- **Exercise material**:
————
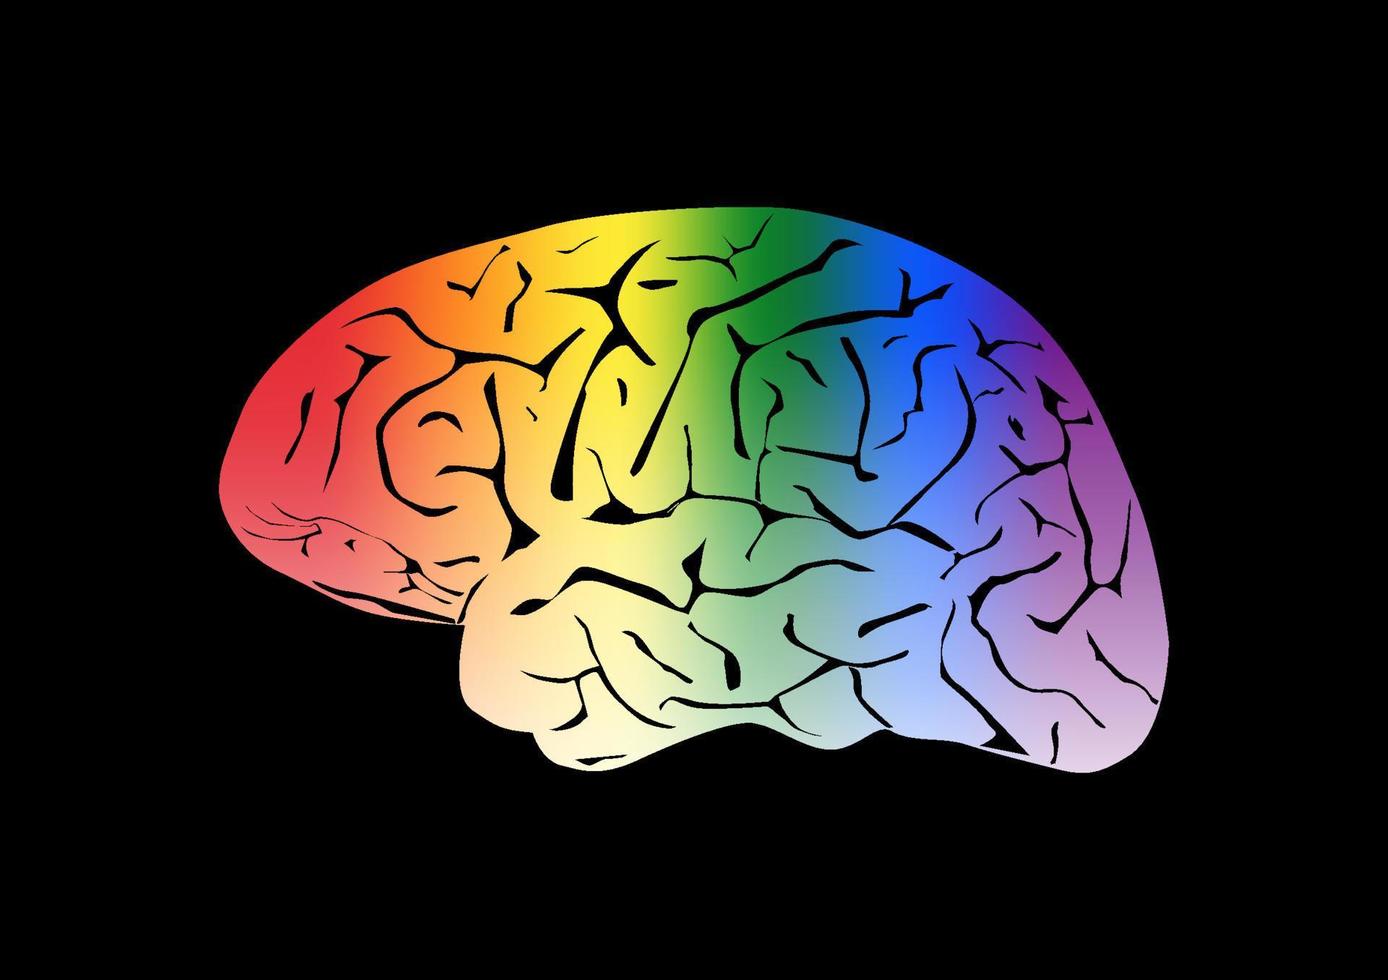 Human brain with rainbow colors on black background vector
————
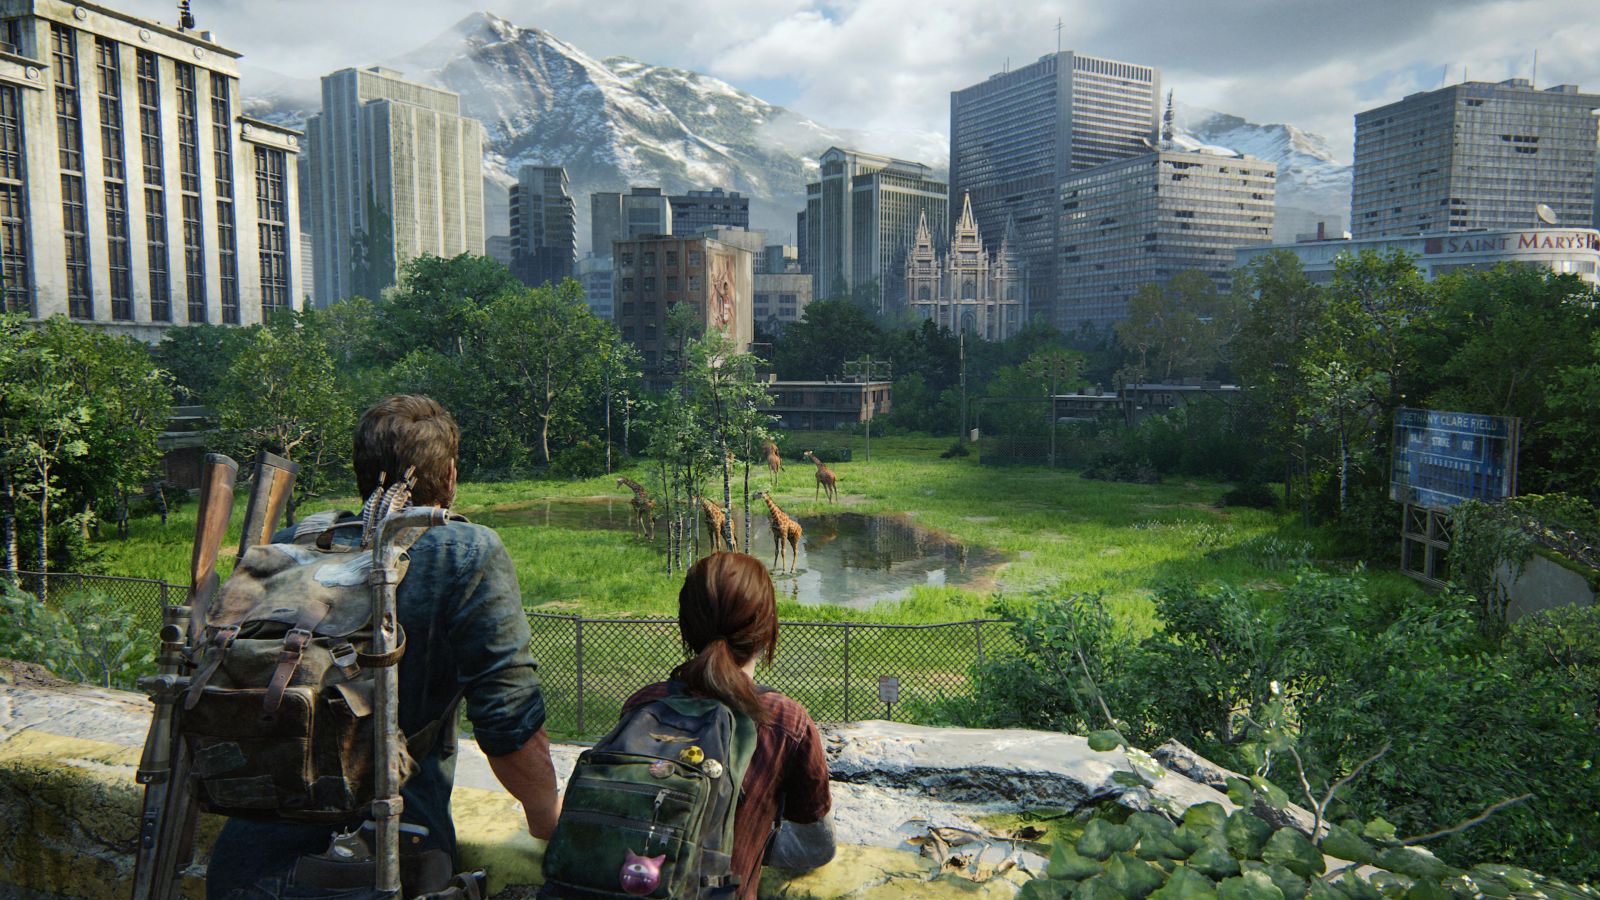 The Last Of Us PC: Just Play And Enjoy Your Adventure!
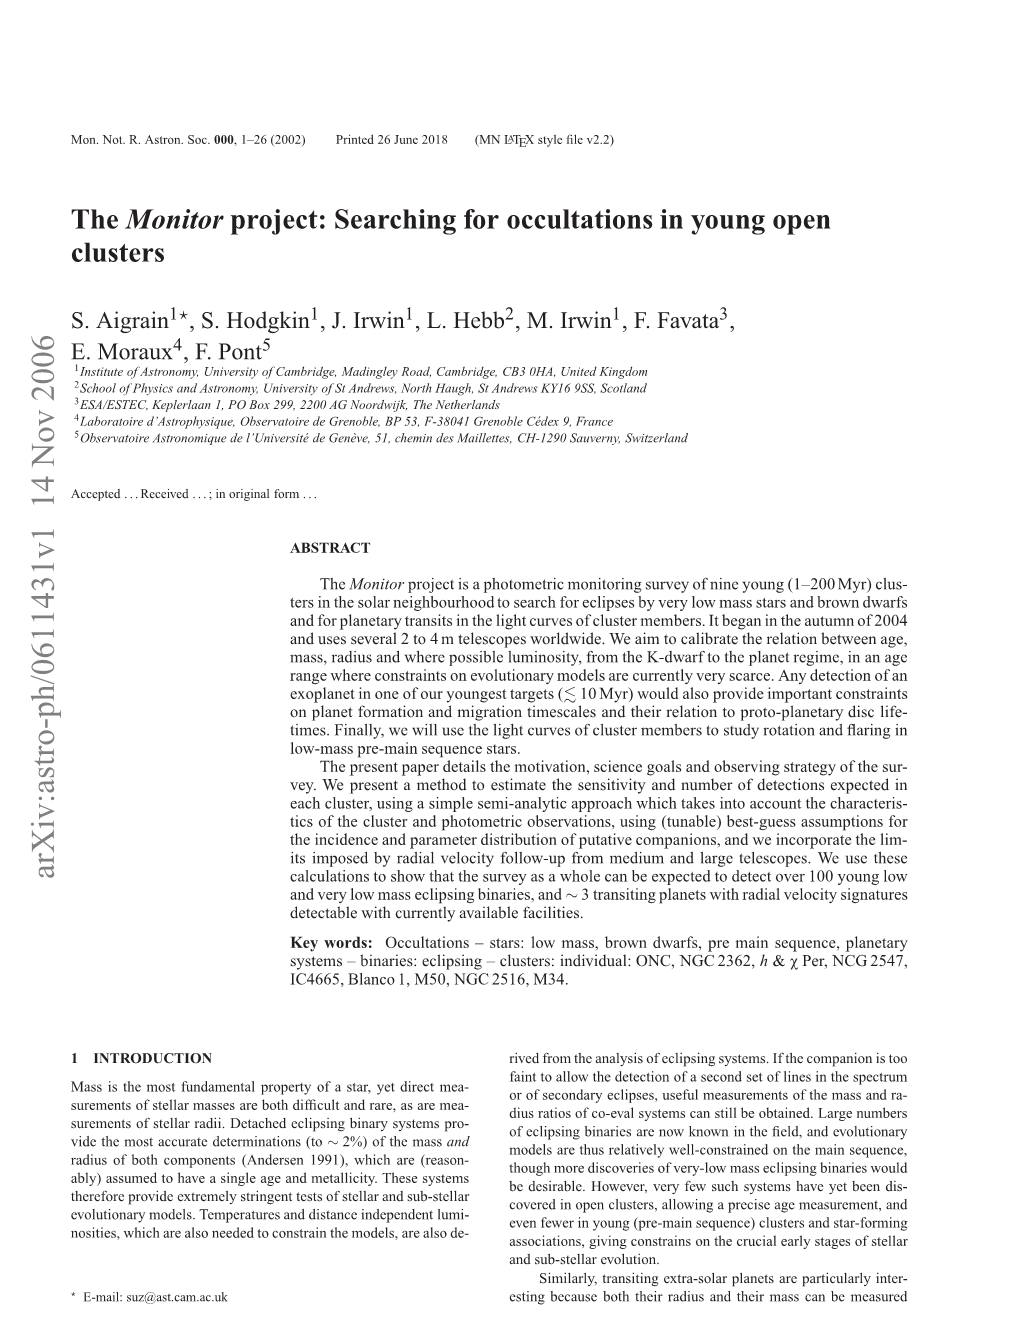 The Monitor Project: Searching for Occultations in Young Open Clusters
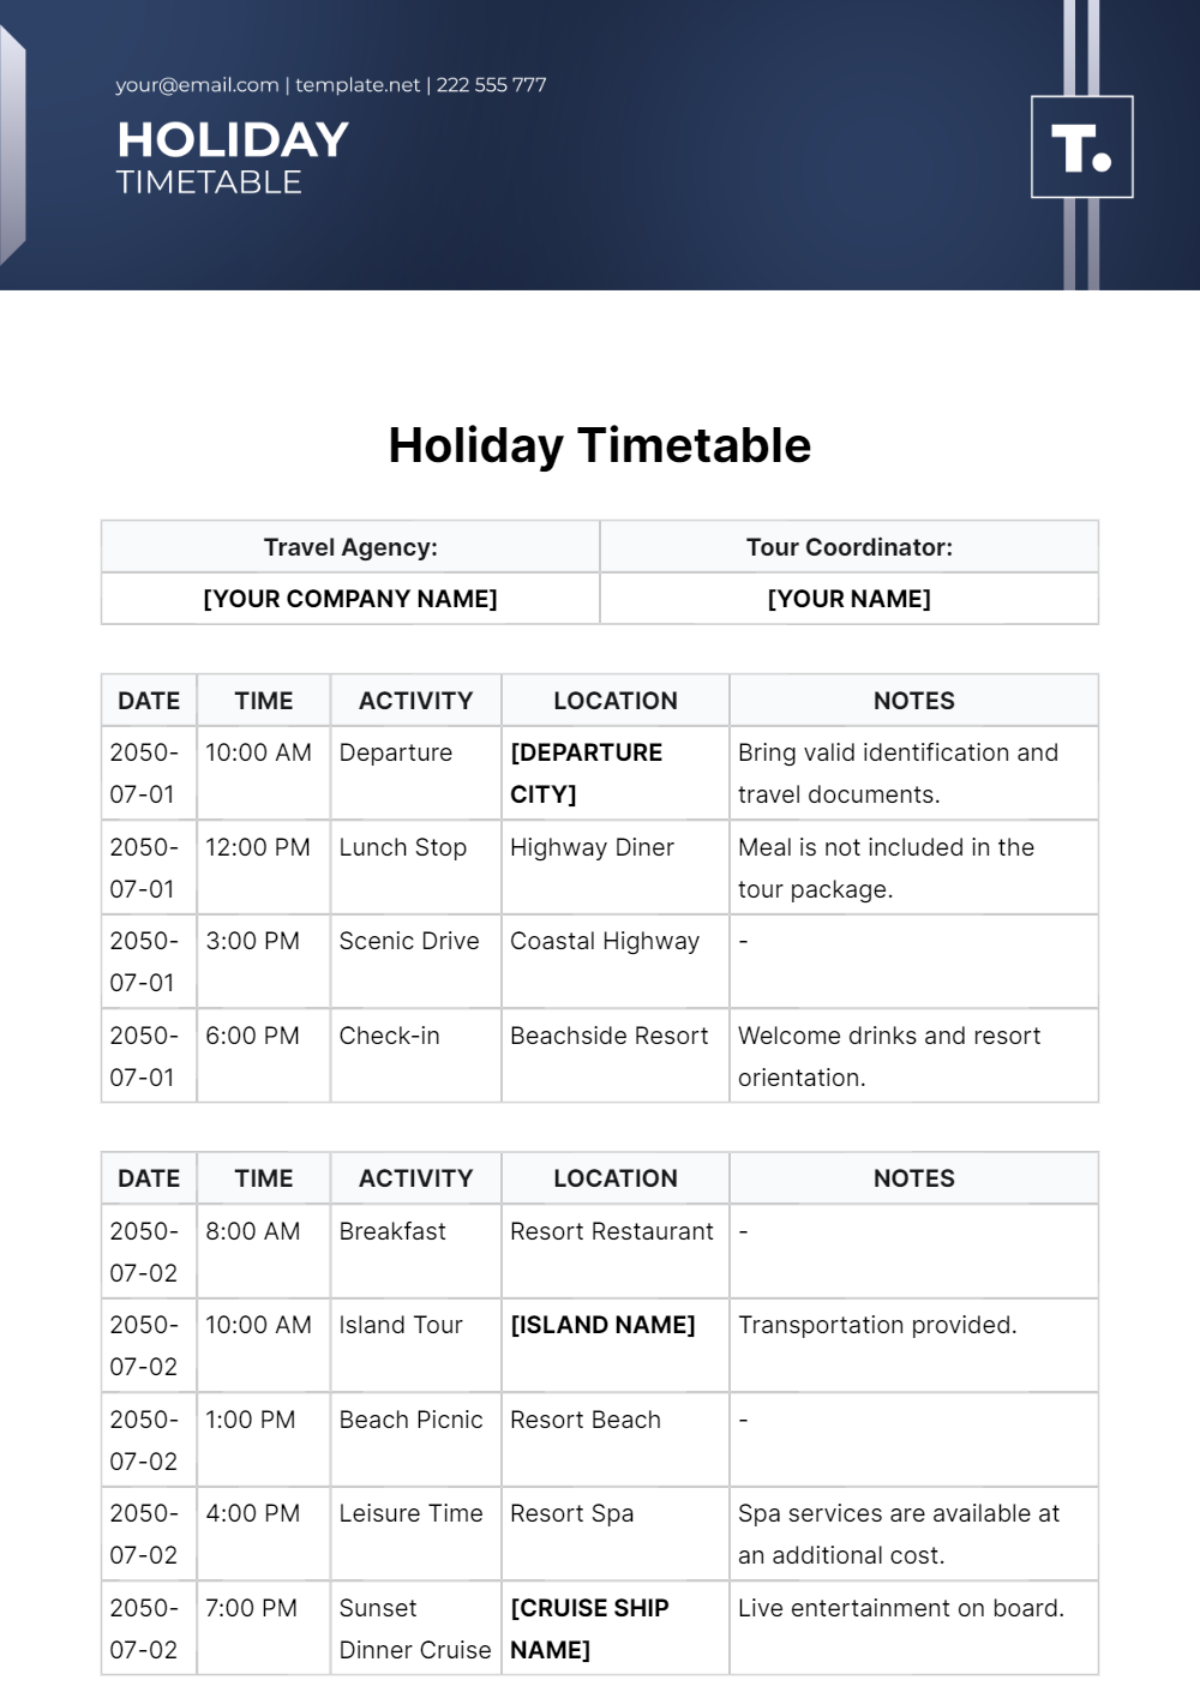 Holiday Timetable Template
————
- **Work to complete**: When you reach the line with "The Last Of" in the records above, begin repeating the lines exactly, and stop after the line with "Holiday Timetable Template". Skip all pictures.

- **Expected answer**:
 The Last Of Us PC: Just Play And Enjoy Your Adventure!
 The Monitor Project: Searching for Occultations in Young Open Clusters
 Holiday Timetable Template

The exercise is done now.